TASK DETAILS: Set down, please, exactly the lines below that run from the line with "Hollywood Directors Chair" to the line with "[PREORDER] Leftover Vtuber Inspired Bags", both lines included.

Saved data entries
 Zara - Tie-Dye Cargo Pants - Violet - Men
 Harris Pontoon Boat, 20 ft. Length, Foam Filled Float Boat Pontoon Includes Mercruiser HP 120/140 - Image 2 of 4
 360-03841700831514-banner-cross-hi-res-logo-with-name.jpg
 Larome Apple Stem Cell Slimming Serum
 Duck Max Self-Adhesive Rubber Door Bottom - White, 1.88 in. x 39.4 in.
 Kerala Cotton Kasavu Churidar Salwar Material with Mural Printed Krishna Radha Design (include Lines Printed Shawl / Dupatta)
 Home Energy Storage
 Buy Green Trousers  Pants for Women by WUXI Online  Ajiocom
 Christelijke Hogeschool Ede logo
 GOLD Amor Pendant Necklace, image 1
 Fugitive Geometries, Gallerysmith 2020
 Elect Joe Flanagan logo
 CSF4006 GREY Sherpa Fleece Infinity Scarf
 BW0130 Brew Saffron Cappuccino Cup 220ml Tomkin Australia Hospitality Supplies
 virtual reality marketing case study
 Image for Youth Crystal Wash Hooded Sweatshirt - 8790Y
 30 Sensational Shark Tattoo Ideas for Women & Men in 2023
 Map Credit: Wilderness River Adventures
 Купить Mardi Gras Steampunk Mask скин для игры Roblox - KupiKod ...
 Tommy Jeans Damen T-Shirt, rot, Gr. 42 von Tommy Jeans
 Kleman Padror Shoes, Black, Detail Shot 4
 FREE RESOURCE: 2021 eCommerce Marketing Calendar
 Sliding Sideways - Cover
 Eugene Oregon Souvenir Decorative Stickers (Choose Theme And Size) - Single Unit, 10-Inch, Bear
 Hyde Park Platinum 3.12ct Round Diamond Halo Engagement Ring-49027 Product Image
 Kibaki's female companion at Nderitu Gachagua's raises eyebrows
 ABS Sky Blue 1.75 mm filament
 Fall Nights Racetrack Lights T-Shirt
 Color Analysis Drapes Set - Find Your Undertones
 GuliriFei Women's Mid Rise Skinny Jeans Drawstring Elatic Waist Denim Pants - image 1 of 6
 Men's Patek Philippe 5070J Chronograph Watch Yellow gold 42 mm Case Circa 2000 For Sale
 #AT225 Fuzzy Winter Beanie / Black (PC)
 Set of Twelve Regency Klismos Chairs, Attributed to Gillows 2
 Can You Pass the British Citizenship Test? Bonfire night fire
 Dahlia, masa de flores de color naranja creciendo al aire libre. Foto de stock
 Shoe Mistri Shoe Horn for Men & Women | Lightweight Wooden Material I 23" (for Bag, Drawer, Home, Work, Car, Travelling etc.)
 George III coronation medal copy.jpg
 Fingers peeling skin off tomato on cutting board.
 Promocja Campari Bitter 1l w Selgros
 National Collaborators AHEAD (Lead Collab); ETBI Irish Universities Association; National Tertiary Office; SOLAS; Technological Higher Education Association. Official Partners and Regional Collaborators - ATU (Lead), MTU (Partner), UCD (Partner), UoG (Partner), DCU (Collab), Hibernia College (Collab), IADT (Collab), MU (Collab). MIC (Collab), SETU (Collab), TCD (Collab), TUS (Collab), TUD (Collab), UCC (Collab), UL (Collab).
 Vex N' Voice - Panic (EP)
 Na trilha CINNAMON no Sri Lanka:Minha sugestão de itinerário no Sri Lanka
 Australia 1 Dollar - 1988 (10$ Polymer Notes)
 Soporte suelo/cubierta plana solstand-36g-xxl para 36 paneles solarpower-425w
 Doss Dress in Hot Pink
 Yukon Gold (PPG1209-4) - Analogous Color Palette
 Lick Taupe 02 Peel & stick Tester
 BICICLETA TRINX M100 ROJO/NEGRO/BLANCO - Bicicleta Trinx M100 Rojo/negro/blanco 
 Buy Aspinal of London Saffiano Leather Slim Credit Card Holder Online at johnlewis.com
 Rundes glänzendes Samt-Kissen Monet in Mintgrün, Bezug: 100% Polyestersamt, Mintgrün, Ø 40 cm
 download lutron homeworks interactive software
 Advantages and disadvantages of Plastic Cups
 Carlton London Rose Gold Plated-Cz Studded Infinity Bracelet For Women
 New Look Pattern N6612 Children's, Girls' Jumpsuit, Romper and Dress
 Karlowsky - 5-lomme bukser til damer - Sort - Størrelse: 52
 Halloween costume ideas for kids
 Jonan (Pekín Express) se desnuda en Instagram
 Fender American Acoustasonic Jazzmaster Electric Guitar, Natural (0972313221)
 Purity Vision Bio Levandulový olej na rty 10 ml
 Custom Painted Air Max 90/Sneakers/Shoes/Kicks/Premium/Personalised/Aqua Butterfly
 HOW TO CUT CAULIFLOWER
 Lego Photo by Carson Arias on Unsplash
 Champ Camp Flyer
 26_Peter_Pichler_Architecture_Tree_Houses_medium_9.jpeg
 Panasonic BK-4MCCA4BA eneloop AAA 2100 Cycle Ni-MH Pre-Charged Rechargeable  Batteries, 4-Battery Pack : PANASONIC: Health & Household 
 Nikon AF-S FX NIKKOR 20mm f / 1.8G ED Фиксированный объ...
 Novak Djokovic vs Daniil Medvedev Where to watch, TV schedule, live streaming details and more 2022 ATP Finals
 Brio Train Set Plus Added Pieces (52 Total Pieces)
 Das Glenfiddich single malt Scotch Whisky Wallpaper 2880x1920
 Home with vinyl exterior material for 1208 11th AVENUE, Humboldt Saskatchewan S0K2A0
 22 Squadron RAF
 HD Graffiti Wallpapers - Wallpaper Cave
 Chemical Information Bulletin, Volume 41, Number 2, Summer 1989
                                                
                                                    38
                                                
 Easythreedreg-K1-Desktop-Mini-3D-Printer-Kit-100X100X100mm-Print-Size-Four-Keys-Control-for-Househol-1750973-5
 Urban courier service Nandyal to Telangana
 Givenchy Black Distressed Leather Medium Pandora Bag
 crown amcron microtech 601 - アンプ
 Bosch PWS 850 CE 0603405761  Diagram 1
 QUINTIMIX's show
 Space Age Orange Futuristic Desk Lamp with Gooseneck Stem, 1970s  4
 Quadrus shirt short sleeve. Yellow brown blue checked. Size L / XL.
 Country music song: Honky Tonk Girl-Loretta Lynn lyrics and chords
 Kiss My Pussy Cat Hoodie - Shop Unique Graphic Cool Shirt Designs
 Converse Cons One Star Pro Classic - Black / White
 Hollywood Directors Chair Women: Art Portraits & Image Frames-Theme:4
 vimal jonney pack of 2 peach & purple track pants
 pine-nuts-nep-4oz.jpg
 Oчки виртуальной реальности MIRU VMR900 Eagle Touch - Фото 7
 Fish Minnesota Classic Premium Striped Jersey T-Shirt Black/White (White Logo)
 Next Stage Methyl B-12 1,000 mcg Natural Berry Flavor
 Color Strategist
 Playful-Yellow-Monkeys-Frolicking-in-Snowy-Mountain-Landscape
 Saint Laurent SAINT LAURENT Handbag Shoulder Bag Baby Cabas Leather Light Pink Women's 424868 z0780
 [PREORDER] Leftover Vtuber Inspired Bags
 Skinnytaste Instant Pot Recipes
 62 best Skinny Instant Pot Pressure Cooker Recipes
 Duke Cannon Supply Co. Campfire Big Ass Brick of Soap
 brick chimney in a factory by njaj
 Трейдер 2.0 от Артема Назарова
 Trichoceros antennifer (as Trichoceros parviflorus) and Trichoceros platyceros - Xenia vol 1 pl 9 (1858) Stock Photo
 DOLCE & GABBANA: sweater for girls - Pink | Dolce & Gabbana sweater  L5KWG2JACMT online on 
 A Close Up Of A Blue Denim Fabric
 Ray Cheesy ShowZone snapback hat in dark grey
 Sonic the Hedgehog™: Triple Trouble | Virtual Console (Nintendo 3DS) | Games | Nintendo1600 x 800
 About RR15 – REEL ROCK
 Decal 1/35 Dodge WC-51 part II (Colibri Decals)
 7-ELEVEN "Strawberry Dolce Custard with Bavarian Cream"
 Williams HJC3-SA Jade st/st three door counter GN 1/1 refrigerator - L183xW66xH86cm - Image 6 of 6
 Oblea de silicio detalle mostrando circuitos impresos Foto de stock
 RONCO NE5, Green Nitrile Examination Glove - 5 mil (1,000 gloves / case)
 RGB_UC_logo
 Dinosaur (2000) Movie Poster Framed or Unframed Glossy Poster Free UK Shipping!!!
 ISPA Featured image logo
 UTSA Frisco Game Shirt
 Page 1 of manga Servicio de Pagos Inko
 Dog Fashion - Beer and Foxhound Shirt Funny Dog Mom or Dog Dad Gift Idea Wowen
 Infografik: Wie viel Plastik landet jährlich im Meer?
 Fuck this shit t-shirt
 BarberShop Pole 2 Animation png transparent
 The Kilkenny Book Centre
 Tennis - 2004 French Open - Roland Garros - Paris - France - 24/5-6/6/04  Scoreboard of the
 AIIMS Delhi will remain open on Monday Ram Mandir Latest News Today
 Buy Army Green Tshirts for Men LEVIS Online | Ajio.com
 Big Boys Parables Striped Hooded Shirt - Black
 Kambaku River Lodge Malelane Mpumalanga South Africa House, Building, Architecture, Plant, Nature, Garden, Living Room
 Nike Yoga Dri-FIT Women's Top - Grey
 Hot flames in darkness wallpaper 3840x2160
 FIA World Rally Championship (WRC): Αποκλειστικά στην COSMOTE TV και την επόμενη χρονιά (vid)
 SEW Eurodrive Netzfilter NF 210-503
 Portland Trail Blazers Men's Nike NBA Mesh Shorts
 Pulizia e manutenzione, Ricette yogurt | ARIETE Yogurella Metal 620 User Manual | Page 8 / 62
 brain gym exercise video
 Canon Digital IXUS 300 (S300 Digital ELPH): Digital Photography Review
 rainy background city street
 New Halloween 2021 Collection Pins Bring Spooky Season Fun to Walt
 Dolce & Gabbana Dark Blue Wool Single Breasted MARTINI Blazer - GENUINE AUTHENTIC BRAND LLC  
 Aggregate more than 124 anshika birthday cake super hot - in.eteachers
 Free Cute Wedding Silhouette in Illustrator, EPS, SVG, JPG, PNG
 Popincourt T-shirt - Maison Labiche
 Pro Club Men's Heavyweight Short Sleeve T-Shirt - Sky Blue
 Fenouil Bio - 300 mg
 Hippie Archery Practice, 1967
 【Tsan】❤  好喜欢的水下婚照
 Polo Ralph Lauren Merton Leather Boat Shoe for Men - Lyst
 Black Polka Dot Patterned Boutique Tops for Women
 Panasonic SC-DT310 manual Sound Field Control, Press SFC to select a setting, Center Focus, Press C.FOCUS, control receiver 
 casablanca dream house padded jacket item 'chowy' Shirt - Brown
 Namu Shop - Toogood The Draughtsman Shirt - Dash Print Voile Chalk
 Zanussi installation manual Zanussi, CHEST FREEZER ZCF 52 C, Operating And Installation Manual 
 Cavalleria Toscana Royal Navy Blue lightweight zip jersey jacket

FINISHED EXERCISE:
 Hollywood Directors Chair Women: Art Portraits & Image Frames-Theme:4
 vimal jonney pack of 2 peach & purple track pants
 pine-nuts-nep-4oz.jpg
 Oчки виртуальной реальности MIRU VMR900 Eagle Touch - Фото 7
 Fish Minnesota Classic Premium Striped Jersey T-Shirt Black/White (White Logo)
 Next Stage Methyl B-12 1,000 mcg Natural Berry Flavor
 Color Strategist
 Playful-Yellow-Monkeys-Frolicking-in-Snowy-Mountain-Landscape
 Saint Laurent SAINT LAURENT Handbag Shoulder Bag Baby Cabas Leather Light Pink Women's 424868 z0780
 [PREORDER] Leftover Vtuber Inspired Bags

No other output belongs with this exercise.